▶ [WORK TASK]
For the material below, set down exactly the lines between the one containing "Cafe Cinnamon looks" and the last line, both included, leaving every picture out.

▶ [MATERIAL PROVIDED]
┄┄┄┄┄┄┄┄┄┄
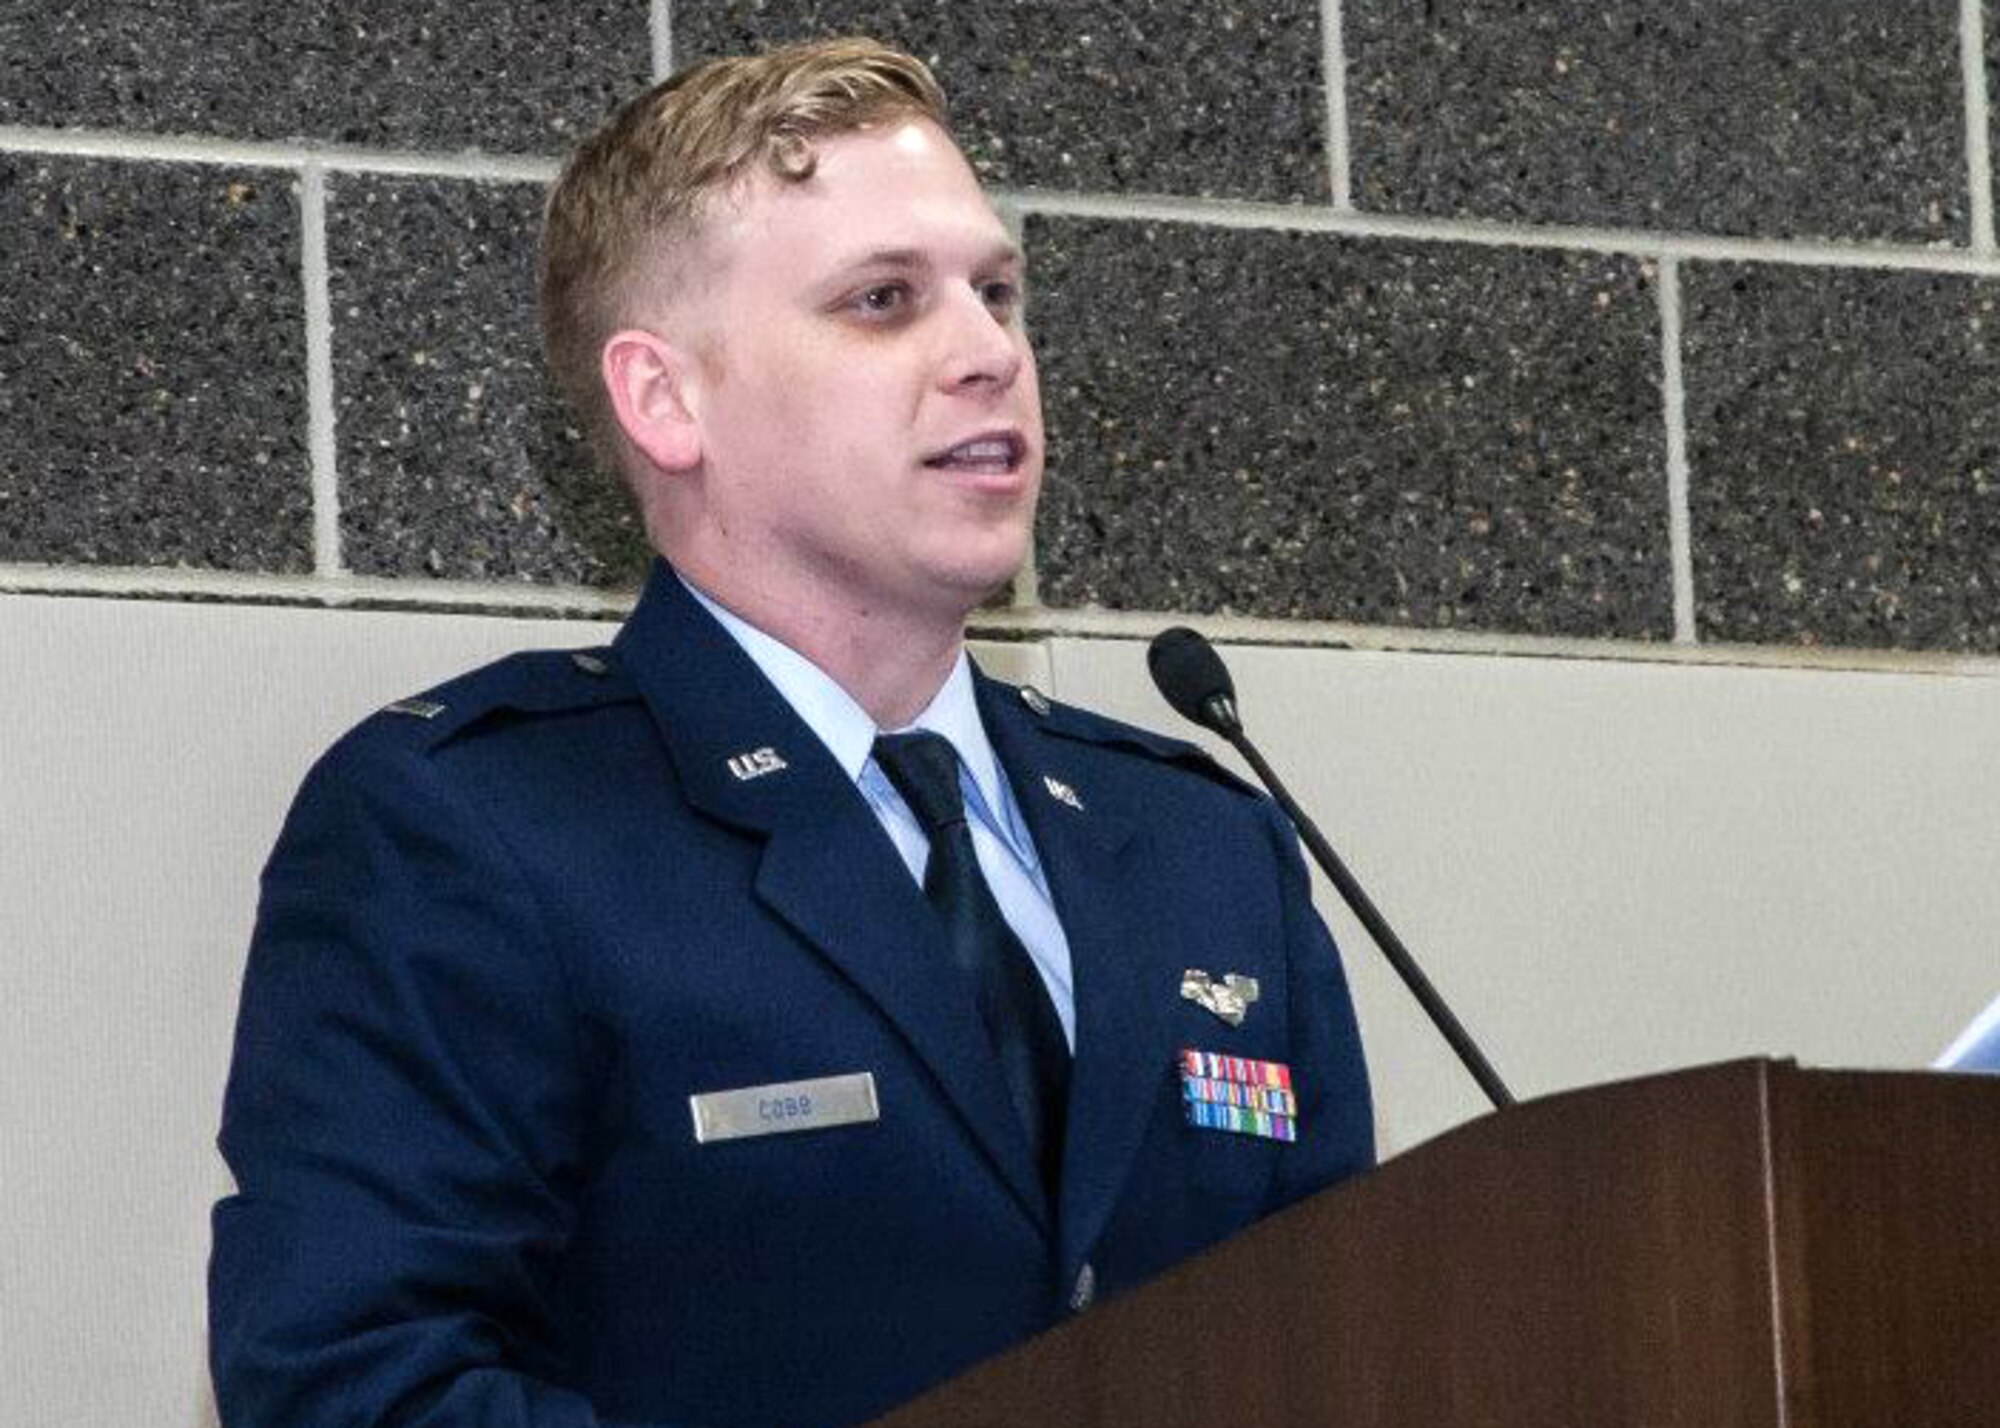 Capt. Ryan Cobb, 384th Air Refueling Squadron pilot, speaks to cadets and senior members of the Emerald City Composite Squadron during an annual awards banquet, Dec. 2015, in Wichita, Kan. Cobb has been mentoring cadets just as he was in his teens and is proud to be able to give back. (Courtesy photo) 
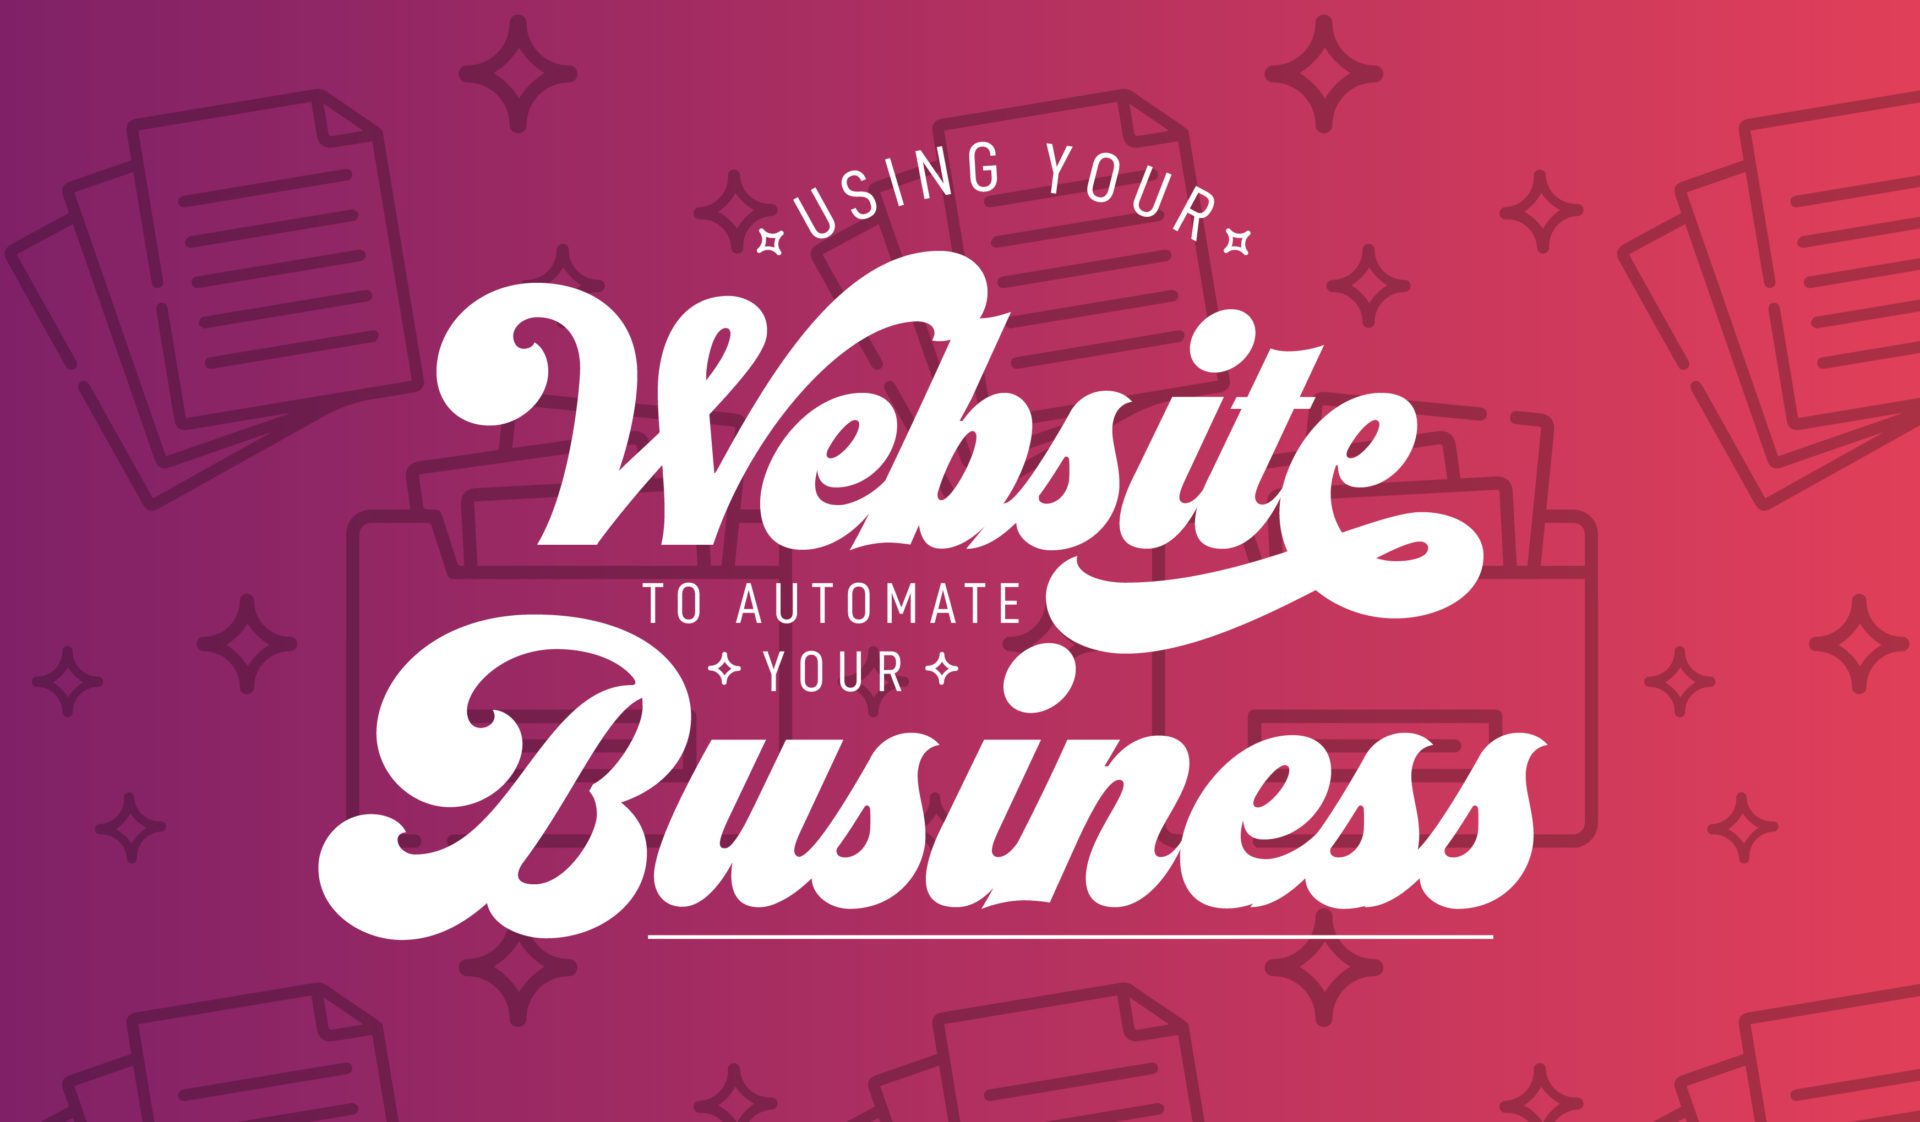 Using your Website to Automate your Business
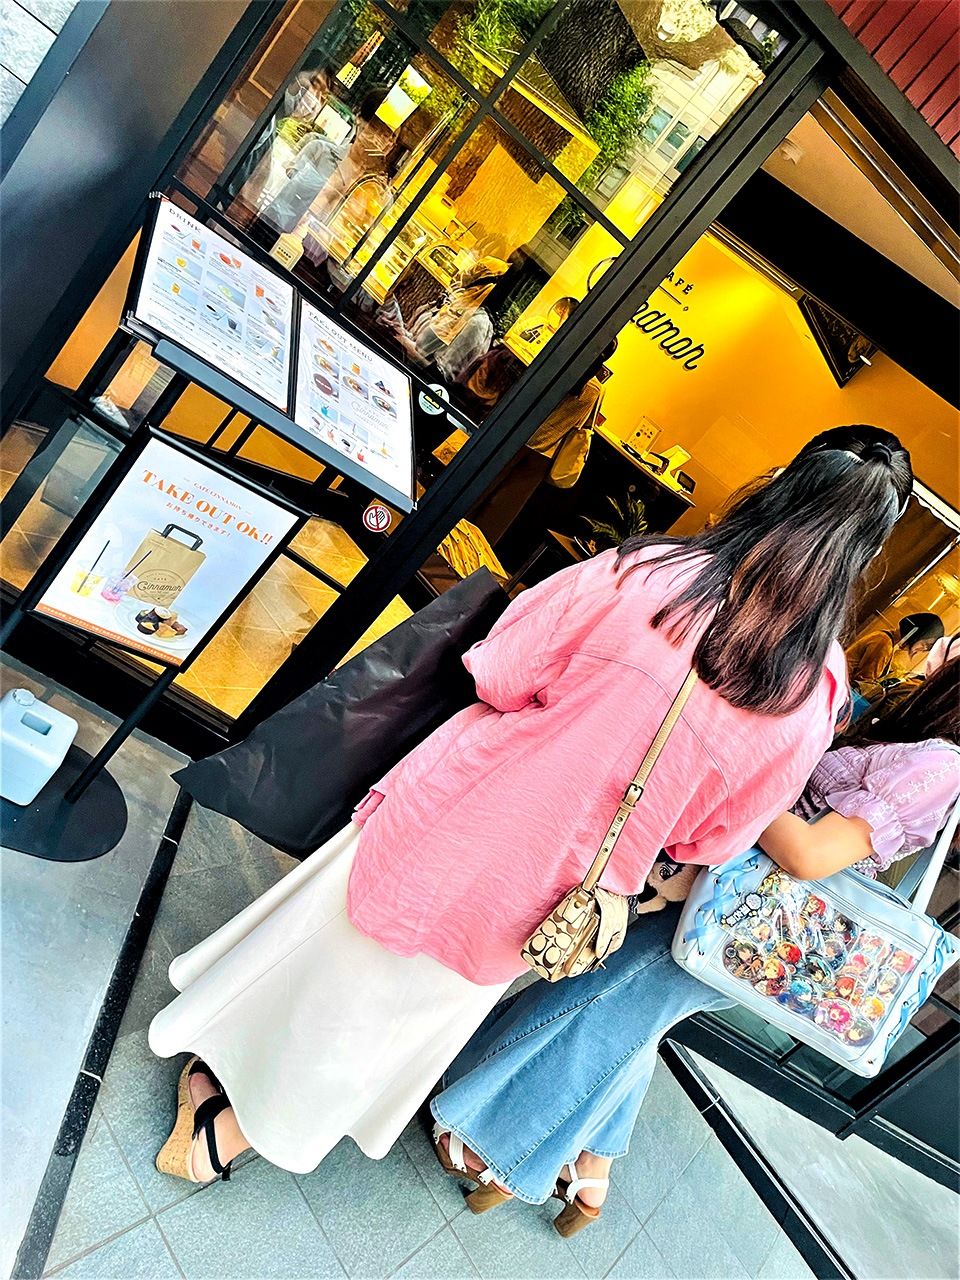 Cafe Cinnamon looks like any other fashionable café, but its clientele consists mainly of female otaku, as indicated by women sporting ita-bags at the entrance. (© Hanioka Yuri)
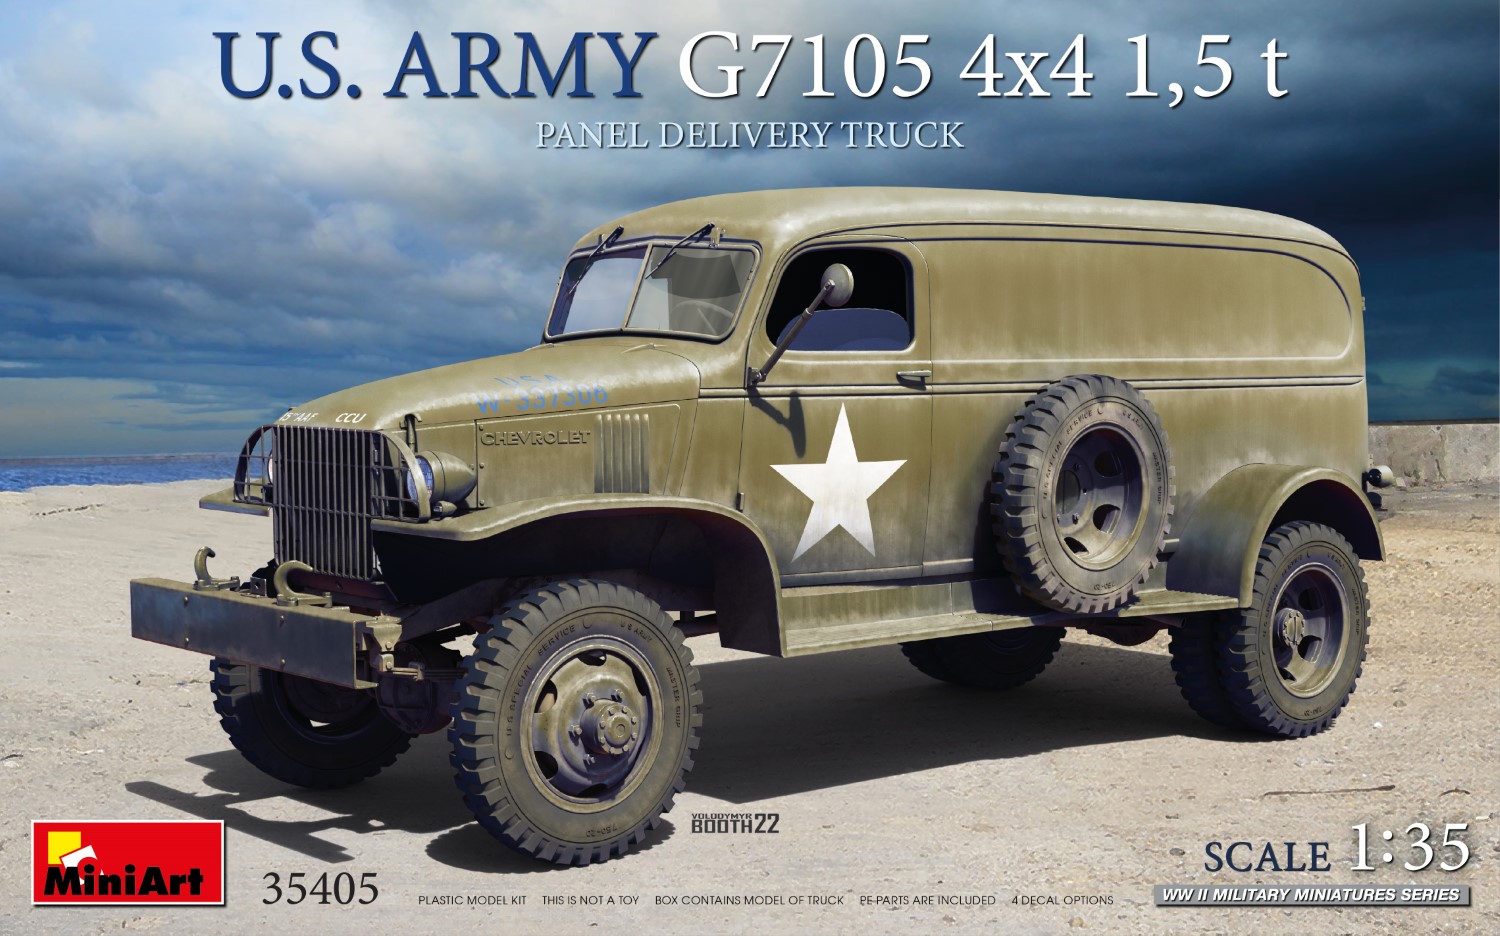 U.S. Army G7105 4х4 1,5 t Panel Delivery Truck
┄┄┄┄┄┄┄┄┄┄
▶ [RESPONSE TO THE EXERCISE]
 Cafe Cinnamon looks like any other fashionable café, but its clientele consists mainly of female otaku, as indicated by women sporting ita-bags at the entrance. (© Hanioka Yuri)
 U.S. Army G7105 4х4 1,5 t Panel Delivery Truck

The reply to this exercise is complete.